The presenter described vendor and consulting costs: the Accenture implementation contract began at $29.3 million and was expanded by about $14.4 million as new Oracle functionality was purchased; an extension added $10.5 million in expense (with Accenture sharing roughly $9 million). Huron, retained for grants administration expertise and remediation work, was cited at two figures in the presentation (an earlier contract figure of $5.9 million and continuing remediation work of about $7.8 million to date). Oracle day‑2 support services were also procured. "All in all, we've spent about $62,000,000 on the core implementation," the presenter said. He added the State of Tennessee contributed $50,000,000 to the project and that roughly $8.7 million had been spent since go‑live.

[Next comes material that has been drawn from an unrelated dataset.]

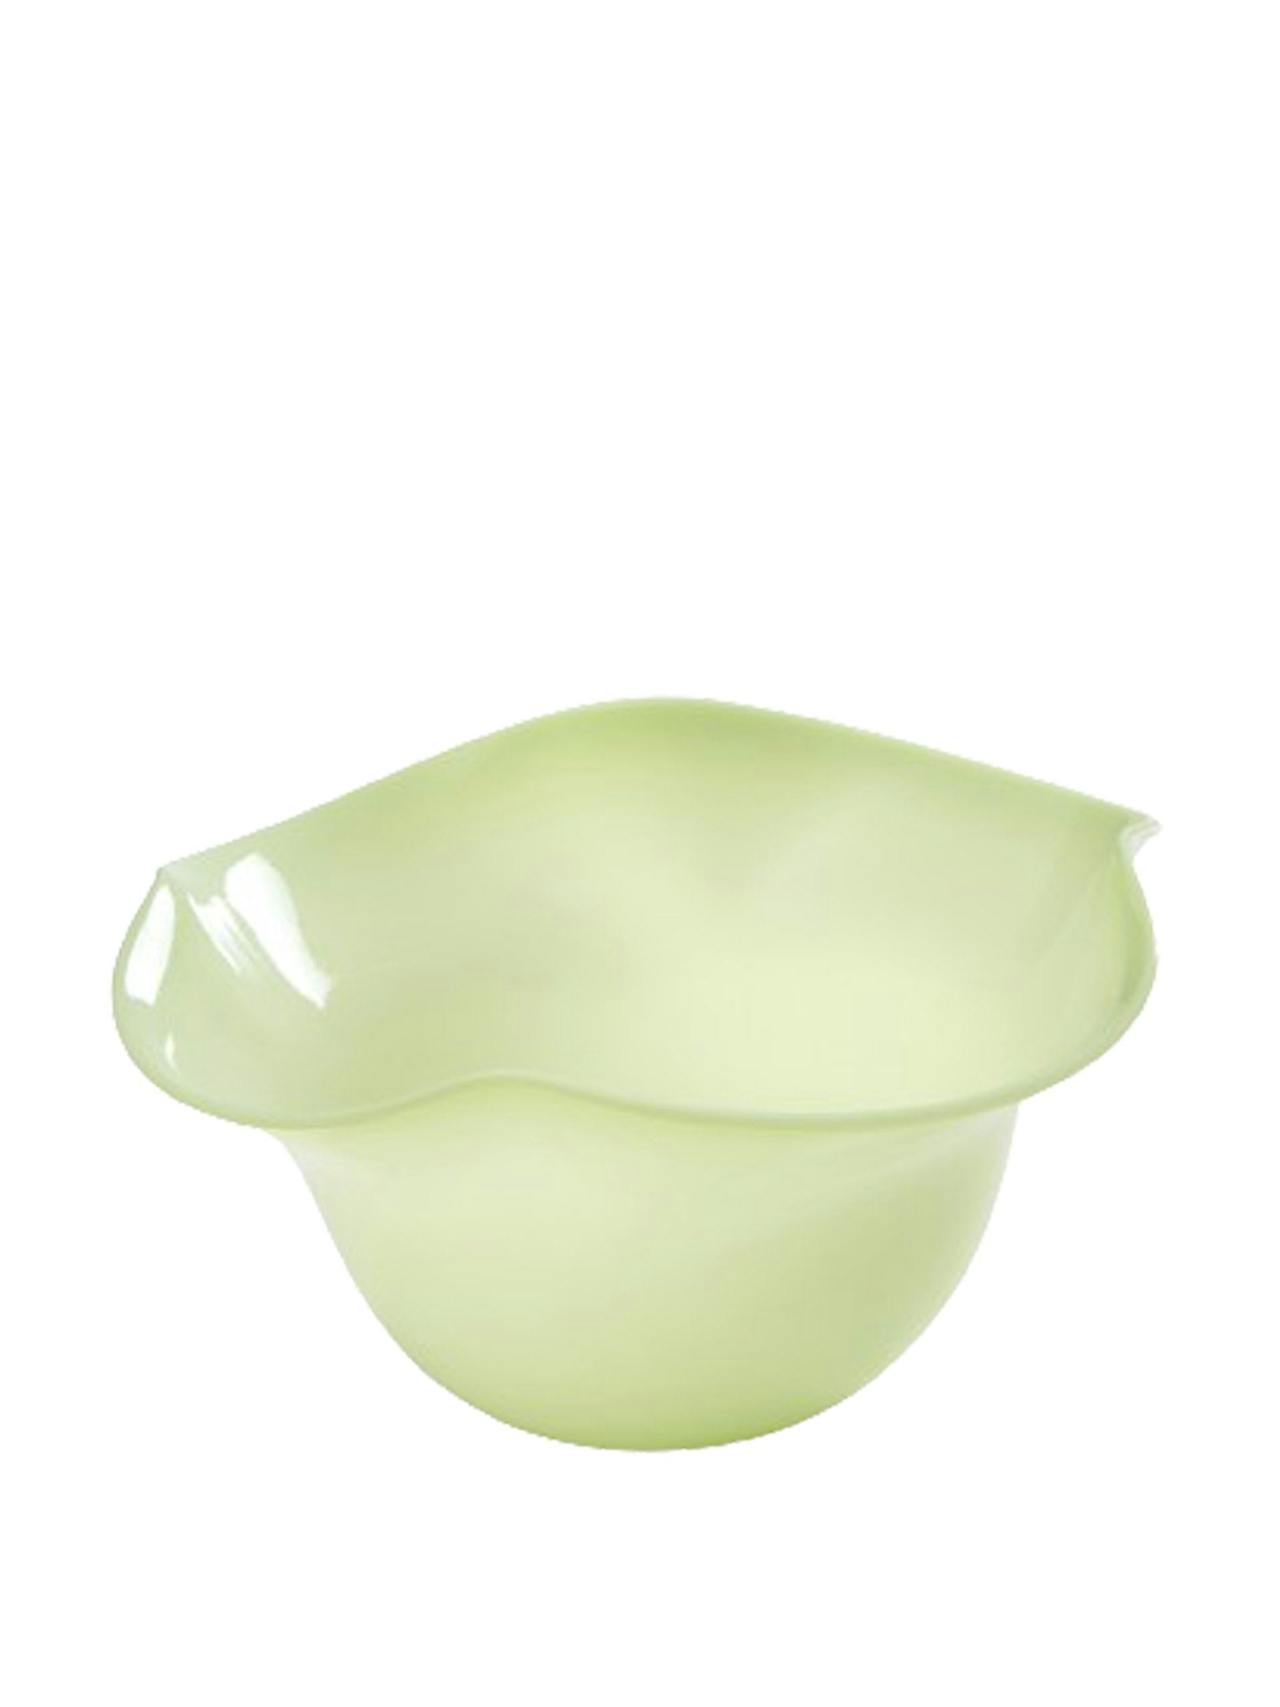 Murano ruffle bowl in green

The presenter described operational successes amid challenges: 29 monthly and biweekly payroll cycles have run since go‑live; many transactional approvals and tasks "work better" in Oracle than in the legacy system for users who have completed adoption. He also said the implementation team is changing its approach for future Oracle modules, choosing implementation partners with deeper product experience and involving early adopters to shape new functionality.
Trustees asked how scorecards had failed to show post‑go‑live issues; staff explained that sample‑based user acceptance testing and production transfer challenges made some defects visible only after full operation. Leadership reported daily work with state auditors on rolling closings of 113 financial elements and expected to provide substantial deliverables to the state audit team within days.
Ending: Committee members expressed continued support for remediation work and prioritized completing auditor deliverables; leadership said additional reporting on the resolution dashboard and remediation timetable will continue to be provided to the committee.